In this tutorial, we’ll walk through working with CouchDB, a NoSQL database from Apache. This tutorial will focus more on the practical side, so we won’t cover what CouchDB is good for, how to install it, why use it, etc. We’ll focus on how to perform database operations through CouchDB’s HTTP API and how to work with it in PHP, laying the foundation for future, more complex posts.

We’ll assume you’ve already set up CouchDB and Futon (CouchDB’s web-based administration console) on your machine. If you’d like to follow along, we recommend you use our HI box.

CouchDB Logo

Note: for simplicity, we’ll refer to our local machine with localhost here, but if you’re using a fully configured VM you probably have a custom vhost and local domain set up, along with forwarded ports. With Homestead Improved it’s just a matter of listing the ports you want forwarded in the Homestead.yaml configuration file before provisioning the virtual box.

Creating a Database

To create a new CouchDB database, visit Futon at http://localhost:5984/_utils/. You’ll see the following interface:

futon

Click on create database, enter a database name and click on create to create the database.

Once created, you’ll be greeted with the following screen:

couchdb database

Notice that there’s only an option to create a new document. In CouchDB, a document is the equivalent of a table row in a relational database. So, how do we create tables?
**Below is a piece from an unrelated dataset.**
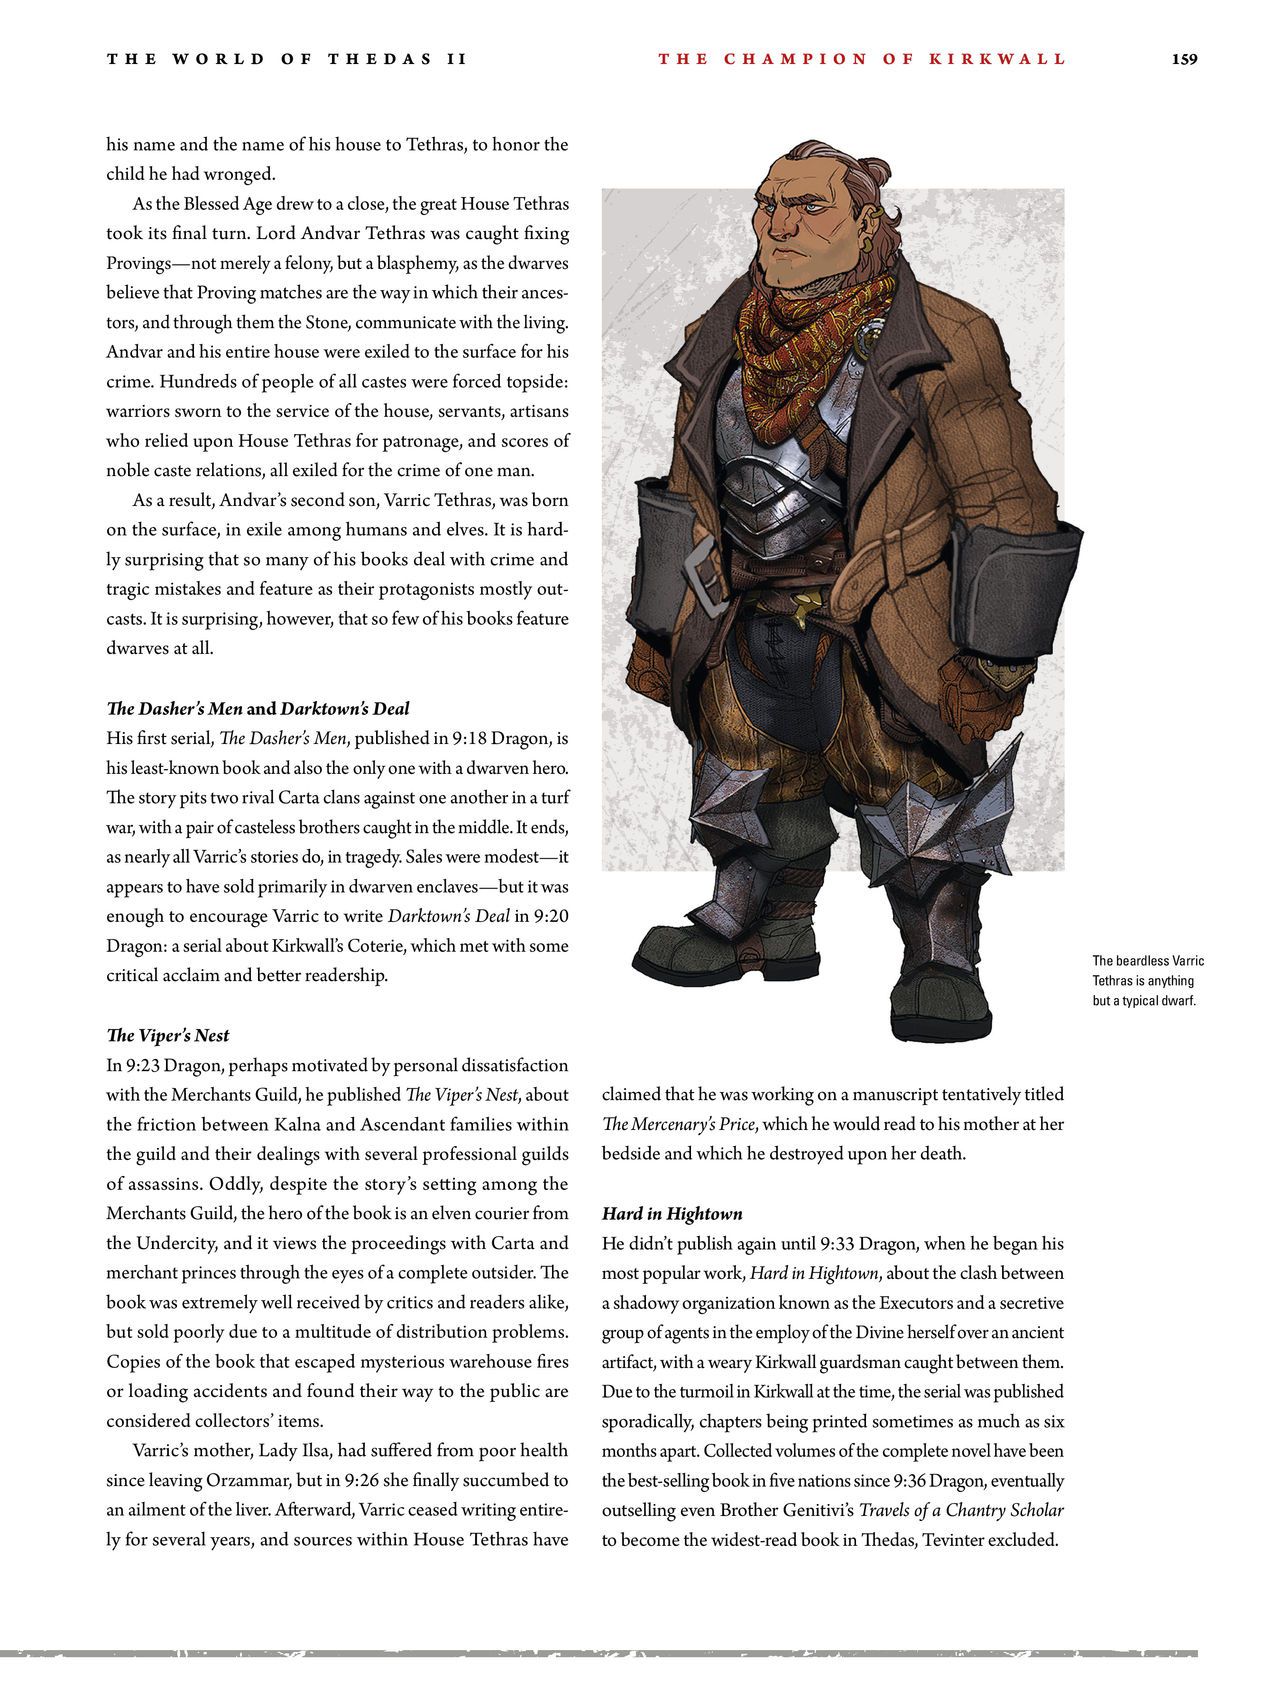 Dragon Age - The World of Thedas v02 155

If you’re coming from a NoSQL database such as MongoDB, the first thing that you have to know is that there’s no such thing as collections or tables in CouchDB. There are only documents. However, this doesn’t mean that you can only store one type of data per database. Since each document that you create in CouchDB doesn’t belong to any table, you can have a different structure for each type of data. For example, if you want to store user data, you can have a structure similar to the following:

{
    "id": 123,
    "fname": "doppo",
    "lname": "kunikida",
    "pw": "secret",
    "hobbies": ["reading", "sleeping"]
}

On the other hand, if you want to store blog post information, you can have the following structure:

{
    "title": "The big brown fox",
    "author": "fox",
    "text": "Lorem ipsum dolor sit amet, consectetur adipisicing elit. Earum, quasi in id voluptates. Natus qui iure corporis ea voluptatem eius, possimus optio modi facere blanditiis quo, sequi suscipit eos nostrum.",
    "publish_date": "2016-07-07"
}

To make it easier to query a specific type of document (e.g. users, blog posts) you can add a field for storing the type of document:

{
    "id": "123",
    "fname": "doppo",
    "lname": "kunikida",
    "pw": "secret",
    "hobbies": ["reading", "sleeping"],
    "type": "users"
}

Note that type isn’t a special type of field. This is only used for convenience.